START Data section

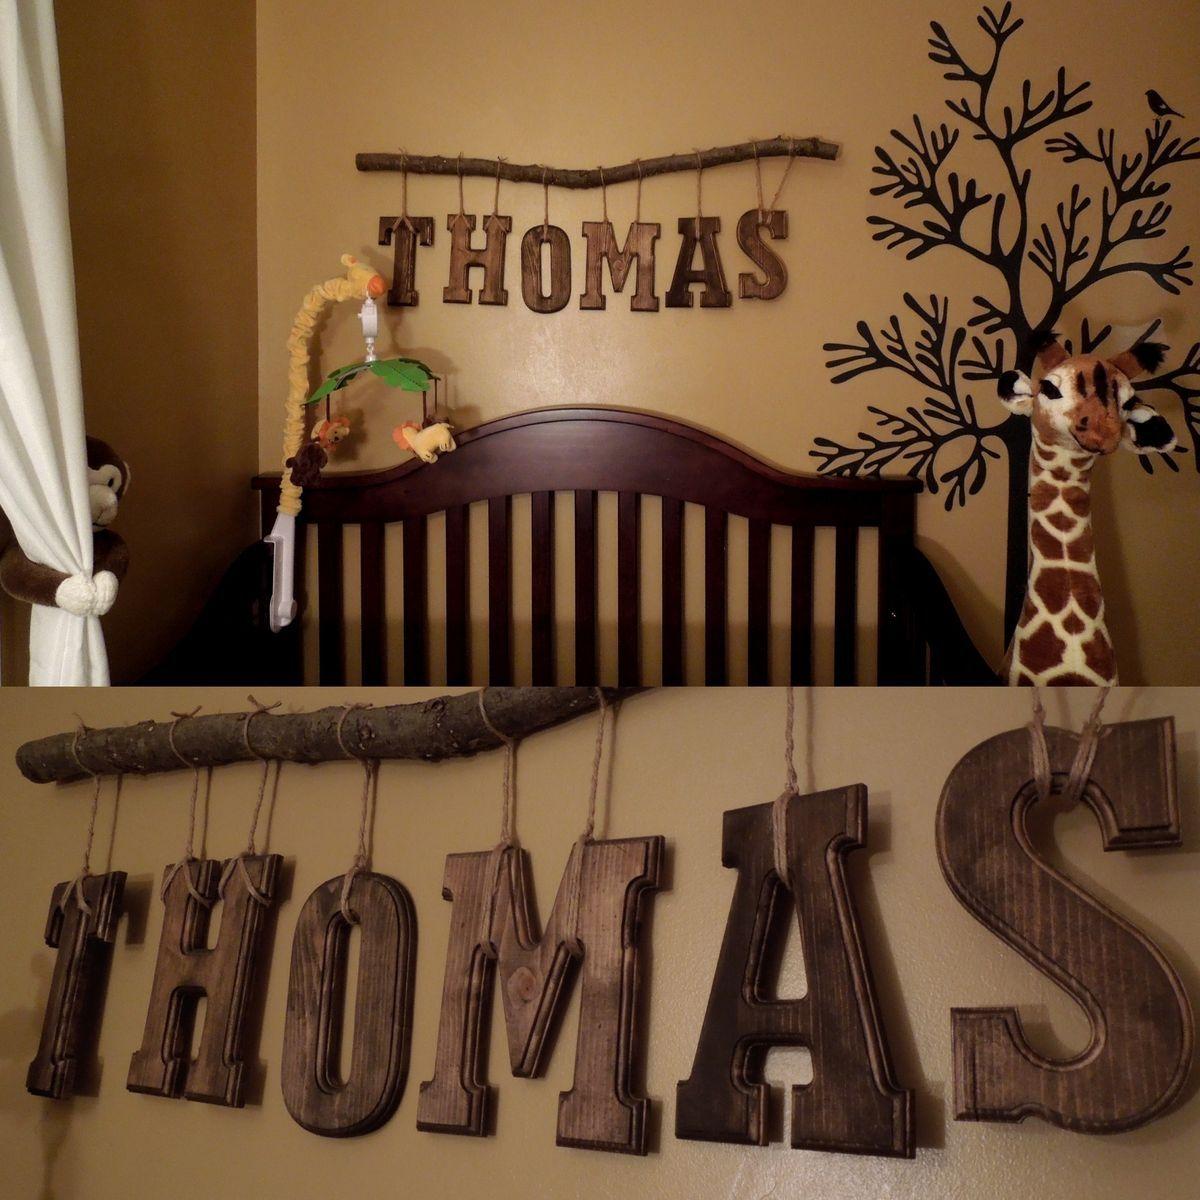 for the little hunter love these for a kids bedroom dakota a5e22f9ba71d600b59c61abfecdf6a41 jpg 1 200 1 200 pixeles
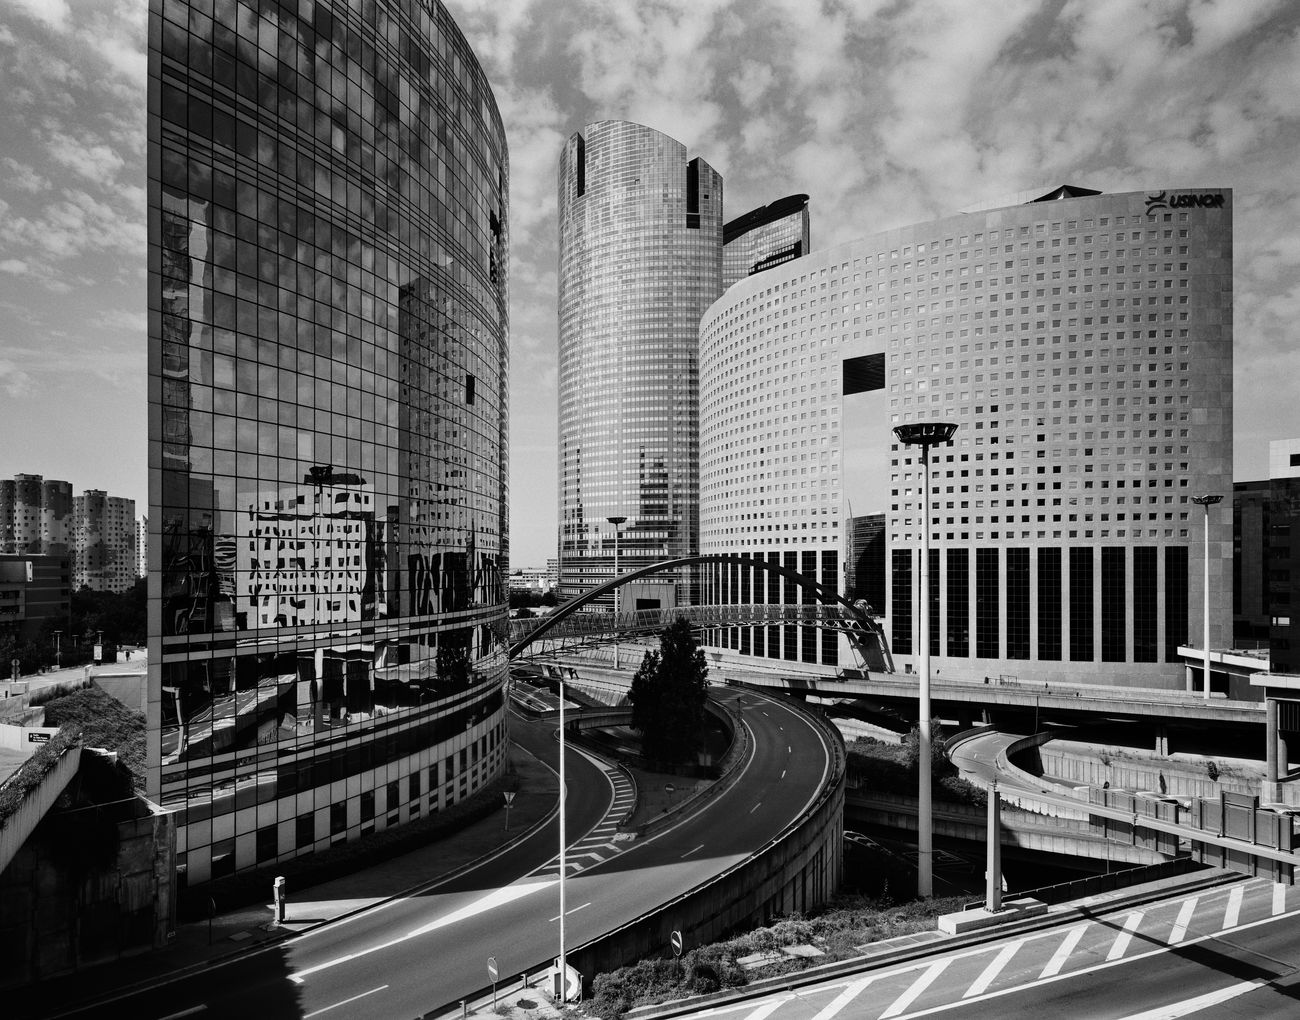 Gabriele Basilico, Paris, 1997. © Archivio Gabriele Basilico
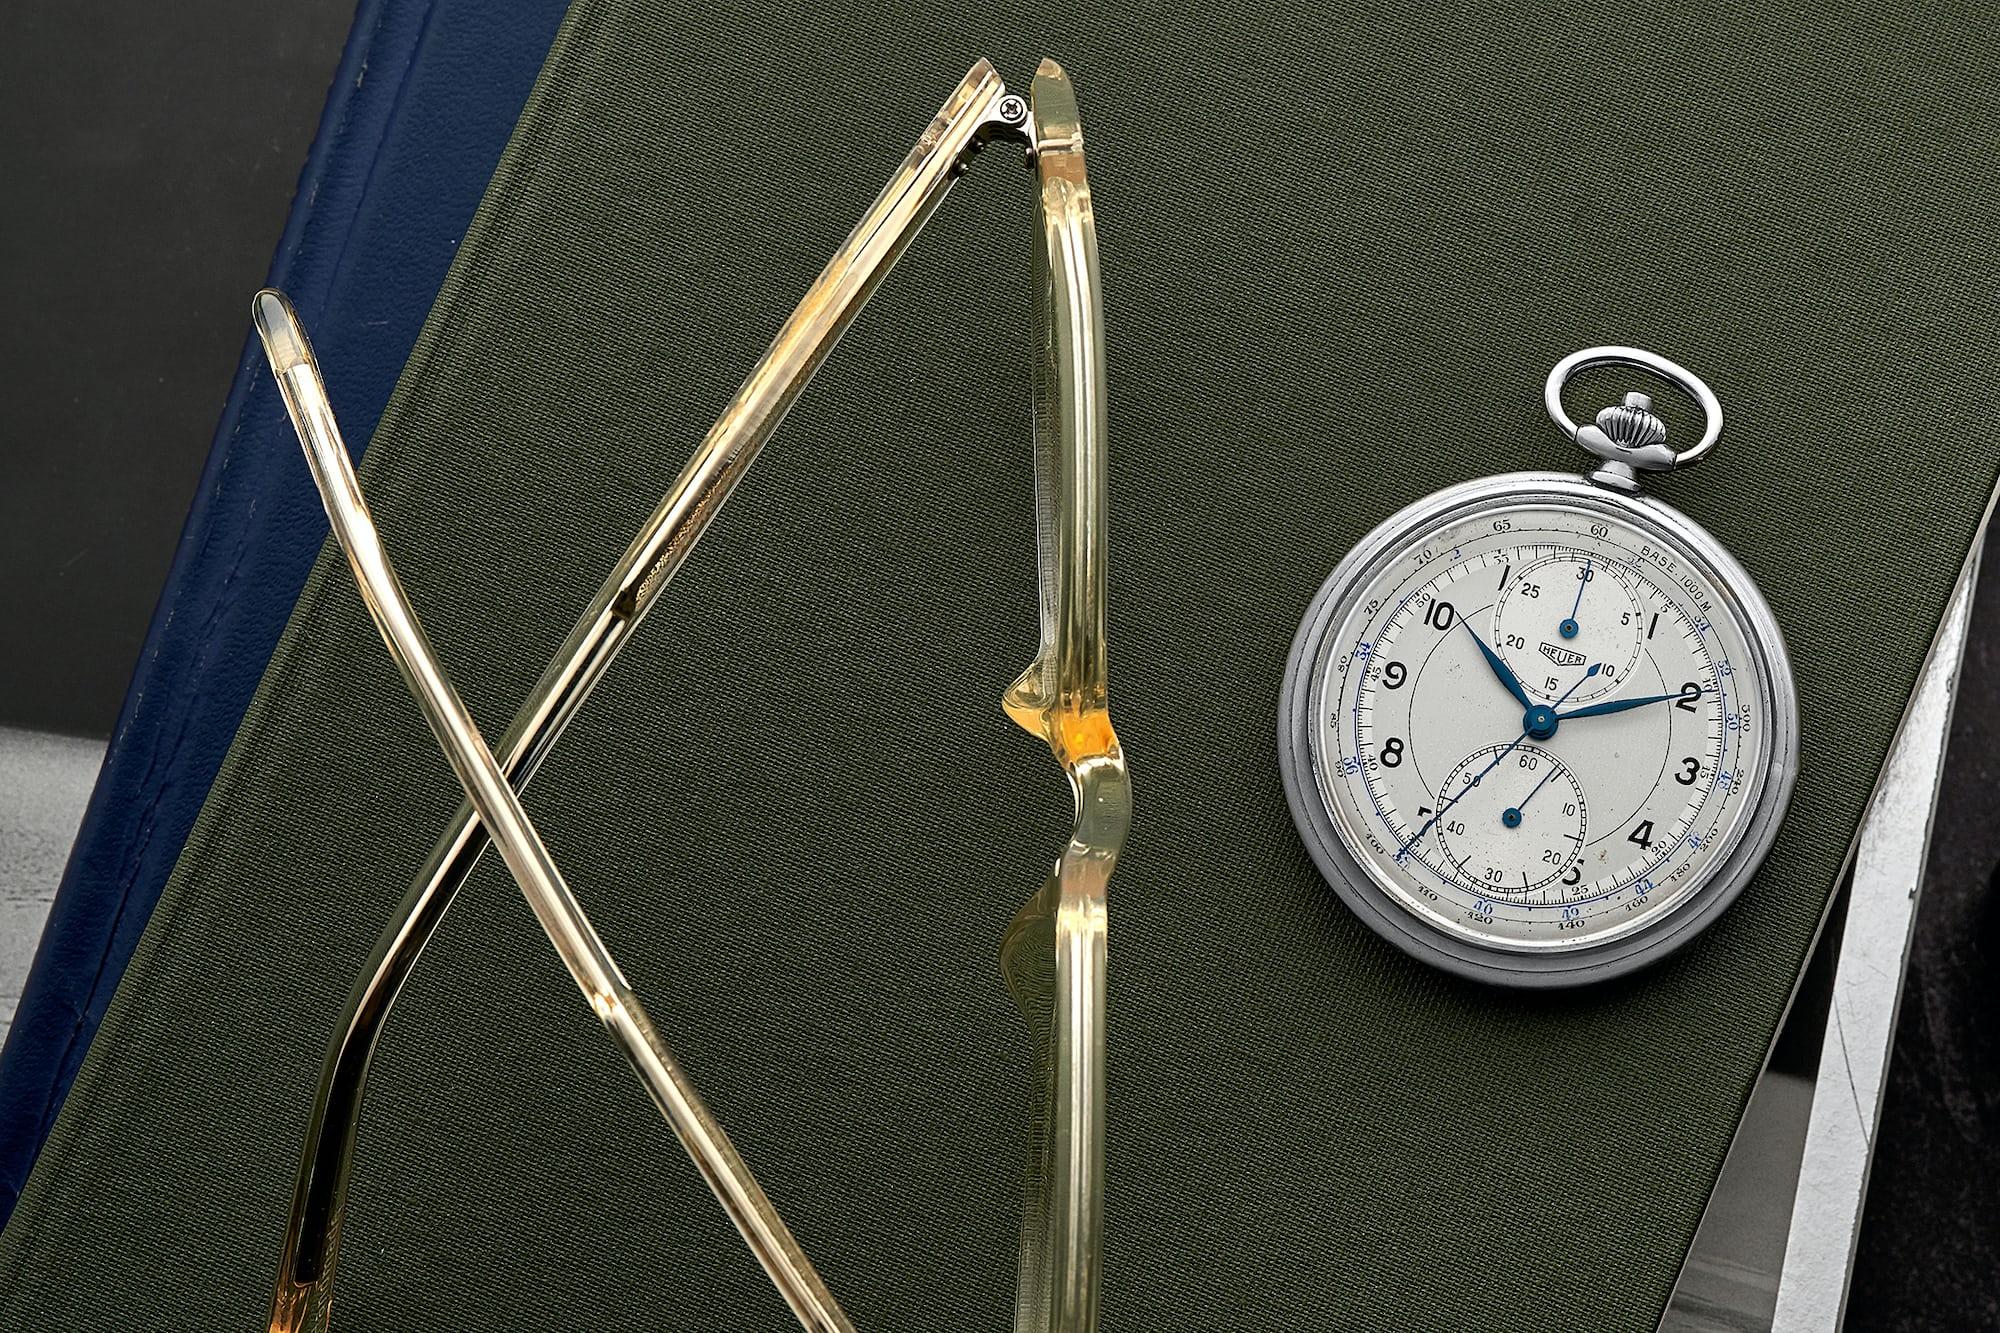 "<p><a href=""https://shop.hodinkee.com/products/heuer-ss-pocketwatch"" rel=""noopener"" target=""_blank""><u>1940s Heuer Single-Button Chronograph Pocket Watch</u></a></p>"

END Data section

- [Brief] Output each line above exactly as it stands, omitting the pictures.

- [Solution for this exercise]
 for the little hunter love these for a kids bedroom dakota a5e22f9ba71d600b59c61abfecdf6a41 jpg 1 200 1 200 pixeles
 Gabriele Basilico, Paris, 1997. © Archivio Gabriele Basilico
 "<p><a href=""https://shop.hodinkee.com/products/heuer-ss-pocketwatch"" rel=""noopener"" target=""_blank""><u>1940s Heuer Single-Button Chronograph Pocket Watch</u></a></p>"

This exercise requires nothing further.